Jeremy and I were probably in there for 10 minutes. The reason why it took so long is that he made several calls to the Diamondbacks’ clubhouse. Basically, he told them what I wanted, and they told him what THEY wanted. He said they wanted to get the ball from me right away and that I could go meet Gregorius after the game and take a photo with him. As politely as was humanly possible, I insisted on holding onto the ball until the end of the game and giving it to Gregorius then. Our discussion dragged on because he was trying to get me to change my mind, and I was explaining why it was important for me to hold onto it.
“Didi Gregorius is going to own this ball for the rest of his life,” I said. “I just want to enjoy having it for the next four or five innings.”
In case there was any suspicion of my pulling a switcheroo, I showed him a distinctive mark on the ball. It had been rubbed with quite a bit of mud, yet there was a light-ish streak above the Rawlings logo.
Eventually, I was told that I could return to my seat in left field with the ball.
“We’ll keep an eye on you,” he said. “You should be easy to spot with that red hat, and we’ll come and get you after the game and escort you down to the visitors clubhouse.”
“Thank you very much,” I said, “and just to make sure, I’d like my friend Jeremy to be able to join me.”
“That won’t be a problem,” said the security guy. And that was it.
As Jeremy and I headed back to left field, we had the whole, “Is this really happening?!” conversation. What are the odds? Jeremy’s been to three games with me, and I’ve snagged a player’s 1st career home run at two of them.

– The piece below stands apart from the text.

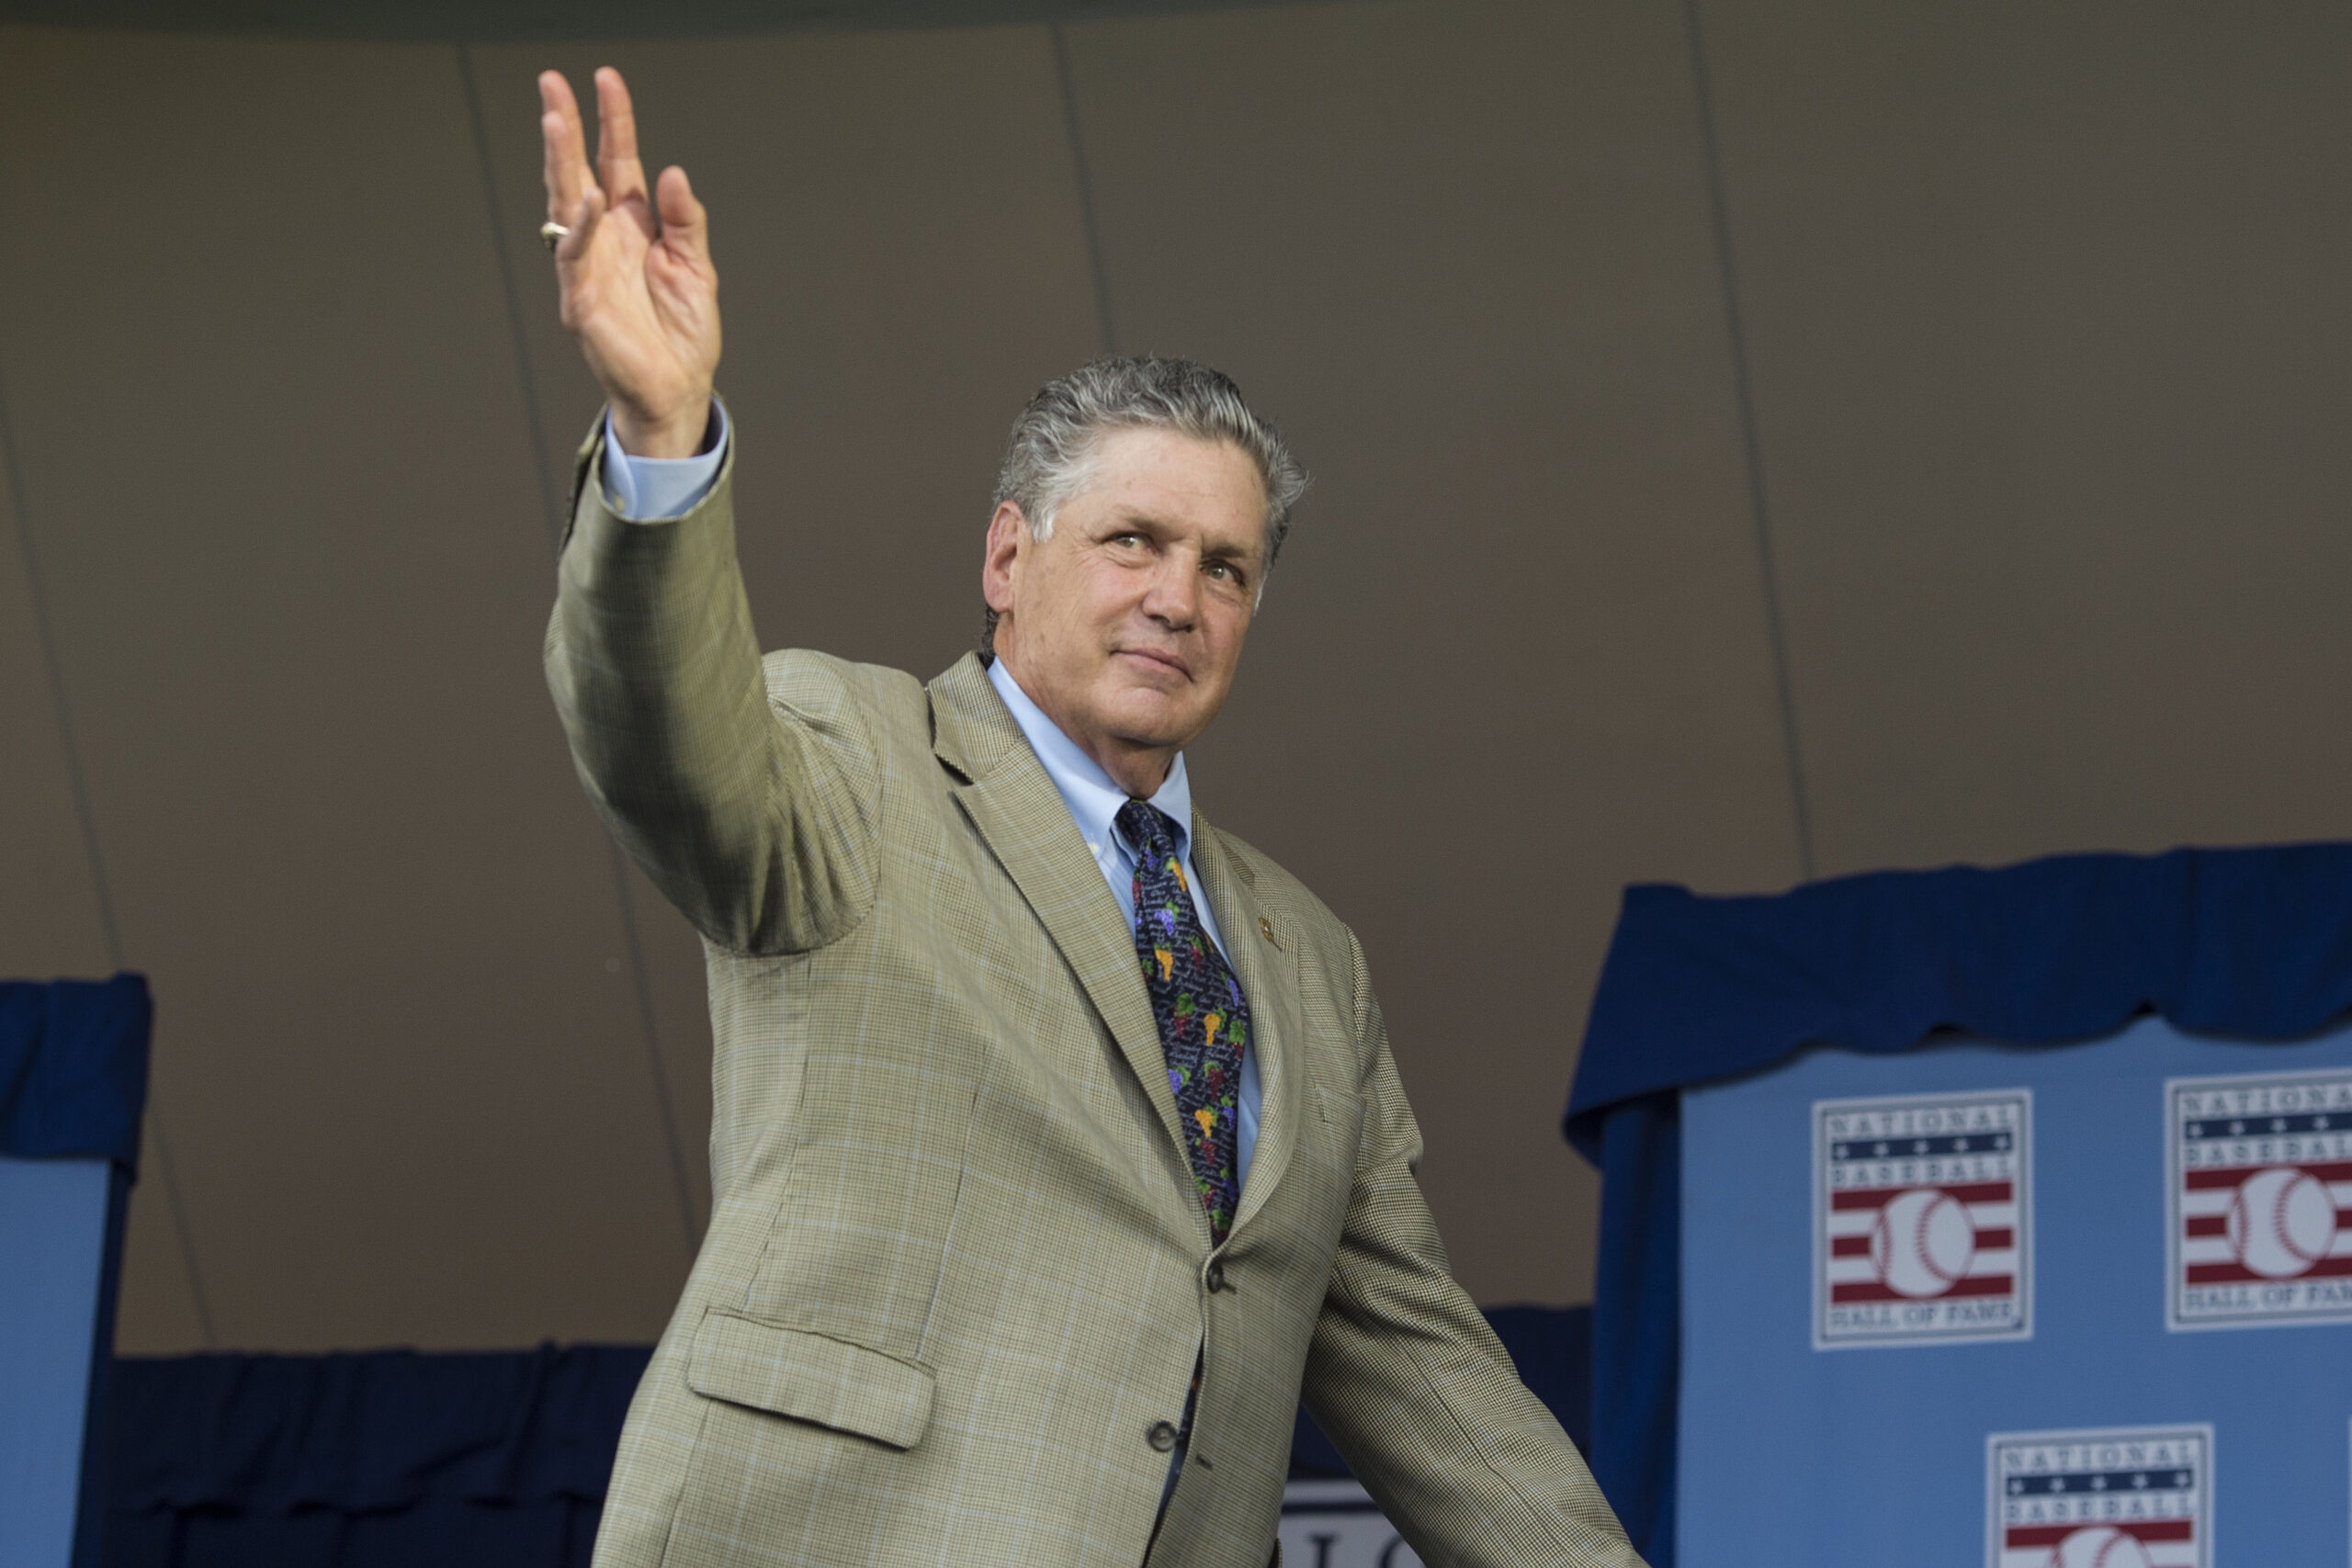 Tom Seaver: Memories of The Franchise and His Legacy One Year After His Untimely Passing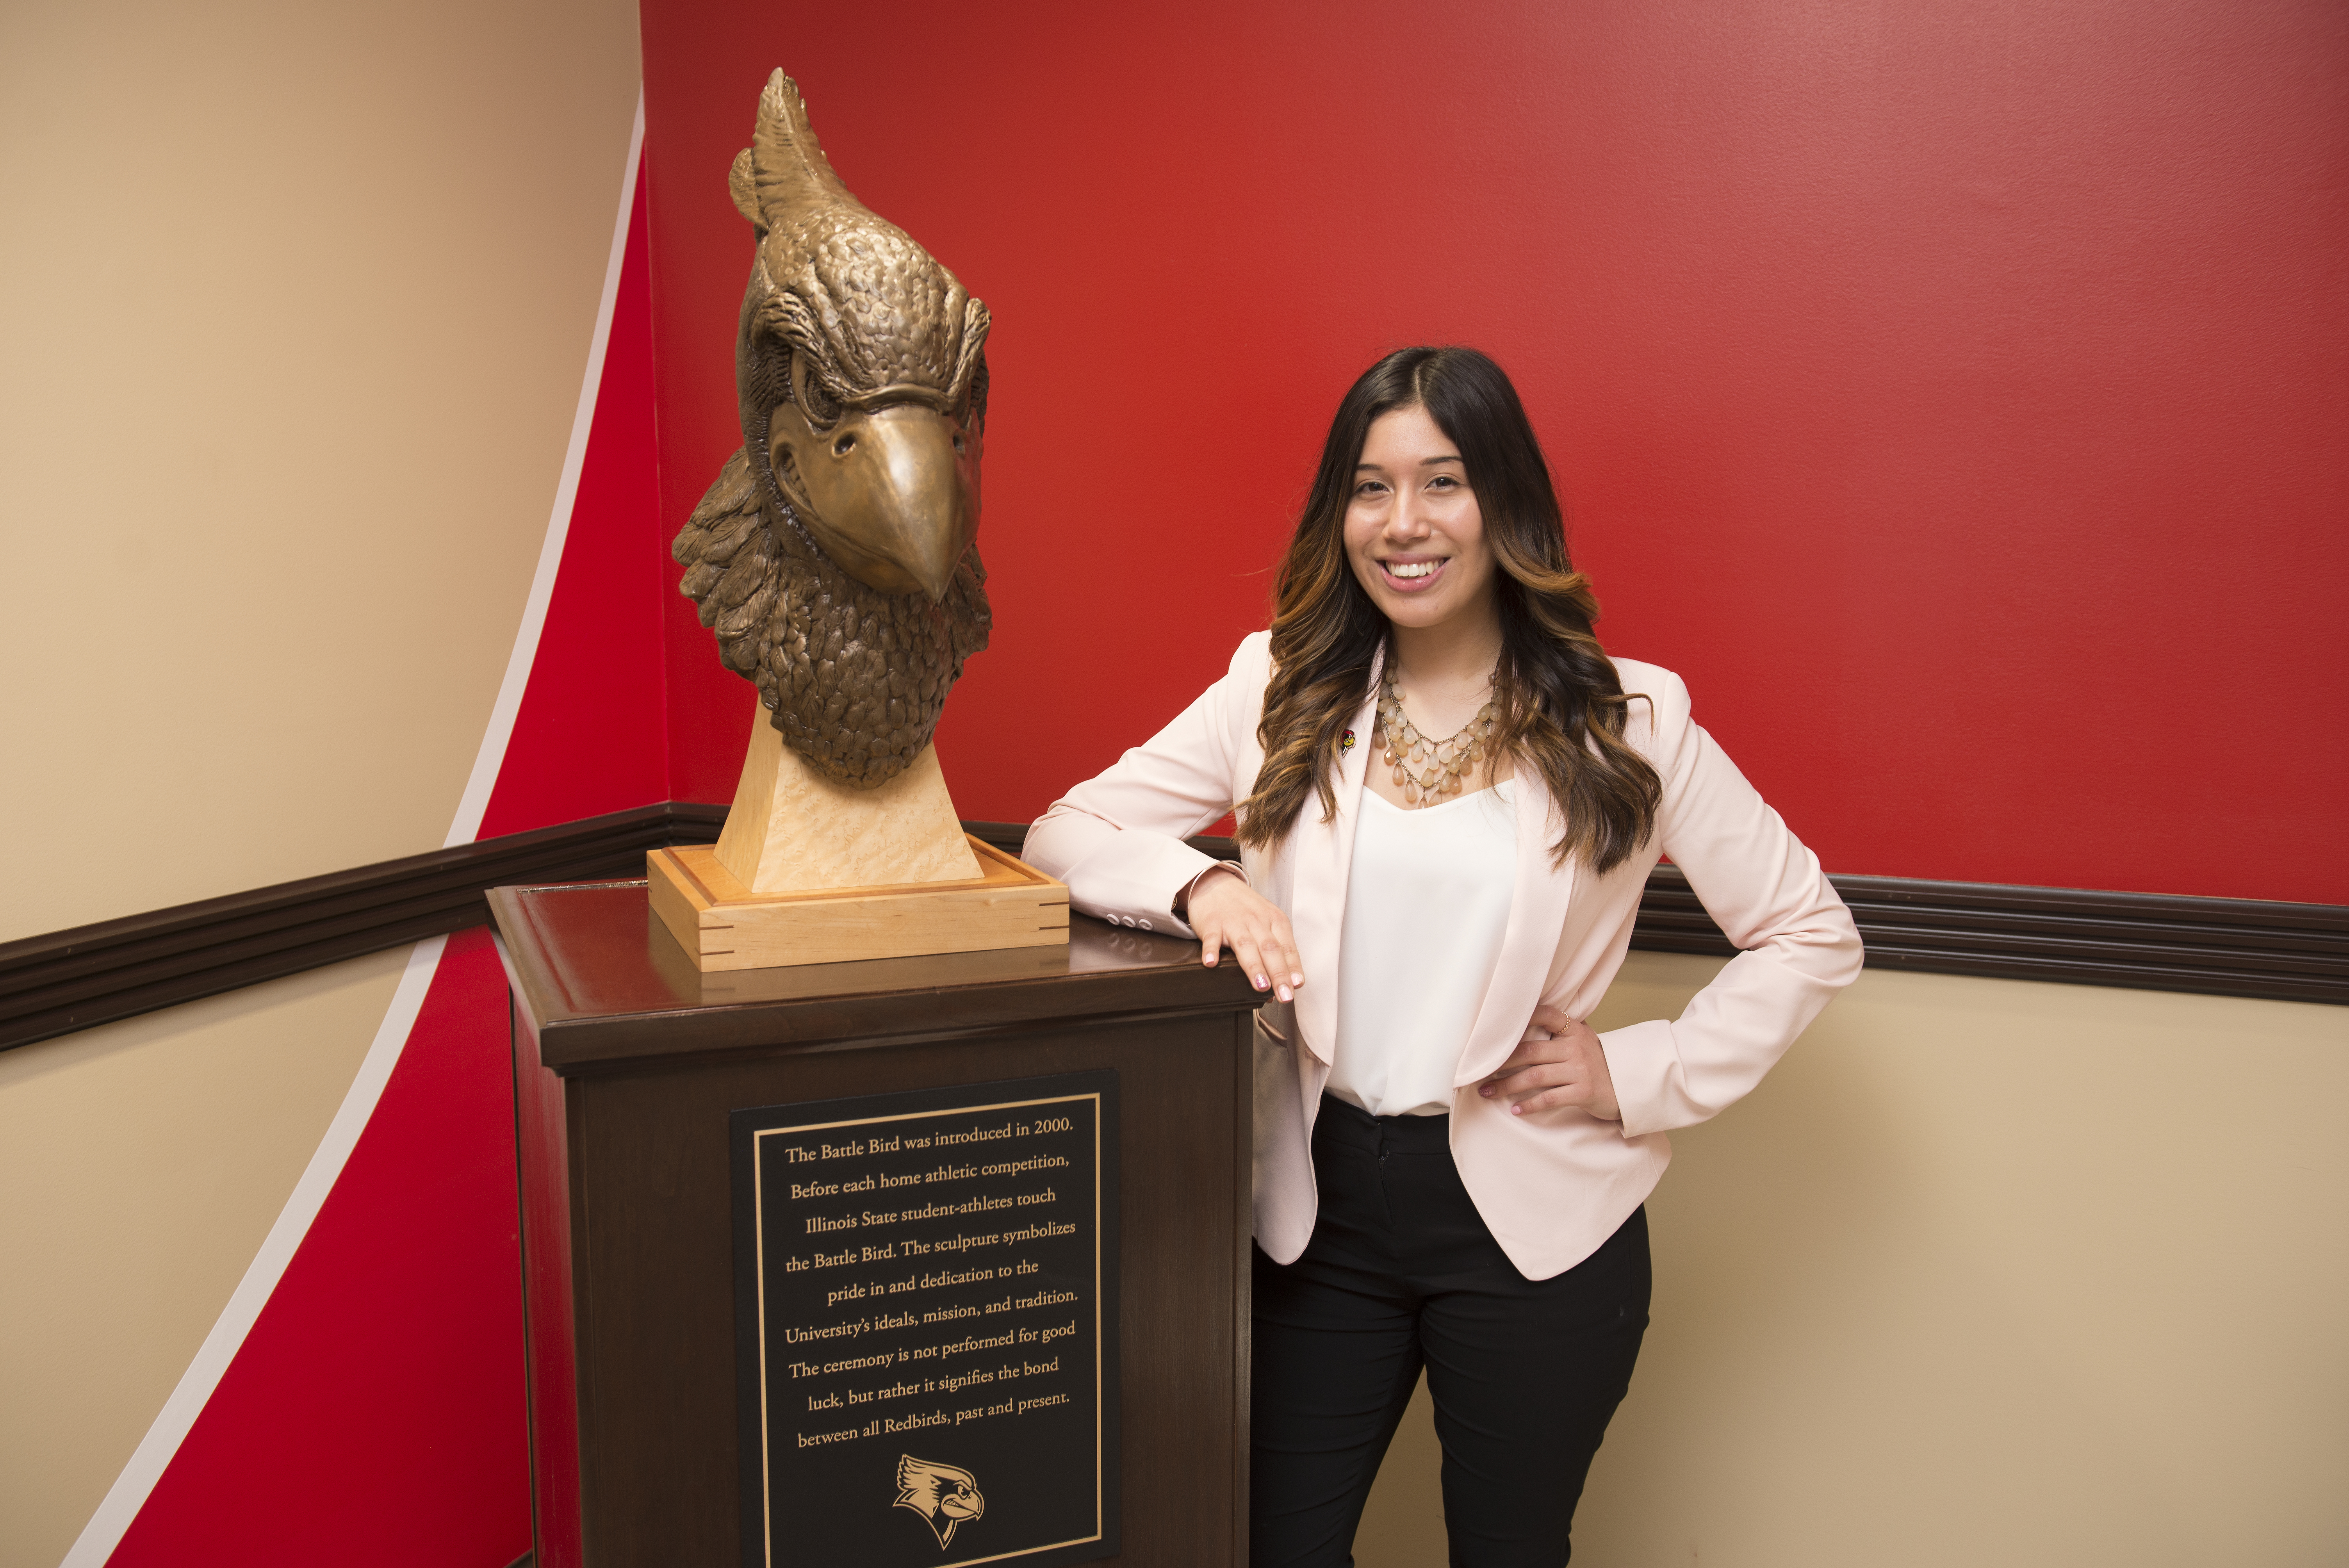 The replica Battle Bird in Hovey Hall is one option for commencement photos.

In the bottom of the 5th inning, Jody tried to find me in left field, but was once again stopped by security. Check out the following photo. It shows her trapped in the corner tunnel past the State Farm ad:
As the Diamondbacks came to bat in the top of the 6th, I headed over to say hey. Here she is with the guard (whose name is Nigel):
Being out of my seat made me antsy. I had a good spot in straight-away left field, and there was a half-empty row on my right, but whatever. I was only gonna talk to her for a minute or two. It was a nice thing to do. She was there to interview me, and I felt bad that she was still getting hassled.
WELL . . .
Within a minute of walking over there, Martin Prado hit a home run that landed in that gosh-darned empty row, ten feet to the right of where I should’ve been sitting! Can you believe it?! I watched helplessly from afar as some gloveless Yankee fan picked up the ball and chucked it back onto the field. I was stunned and heartbroken. If I’d been in my seat, it would’ve been THE easiest home run catch of all time, and I knew that I’d missed a tremendous opportunity. Instead of this whole thing being a nice local story for the Arizona media, it would’ve blown up and gone viral/national. I’m telling you, I practically felt sick to my stomach. The joy I’d experienced with the Gregorius homer was pretty much wiped out. That might sound silly, but I can’t help it. That’s just how my mind works. I’m an all-or-nothing kinda guy, and I couldn’t trick myself into being happy about the one that I’d caught.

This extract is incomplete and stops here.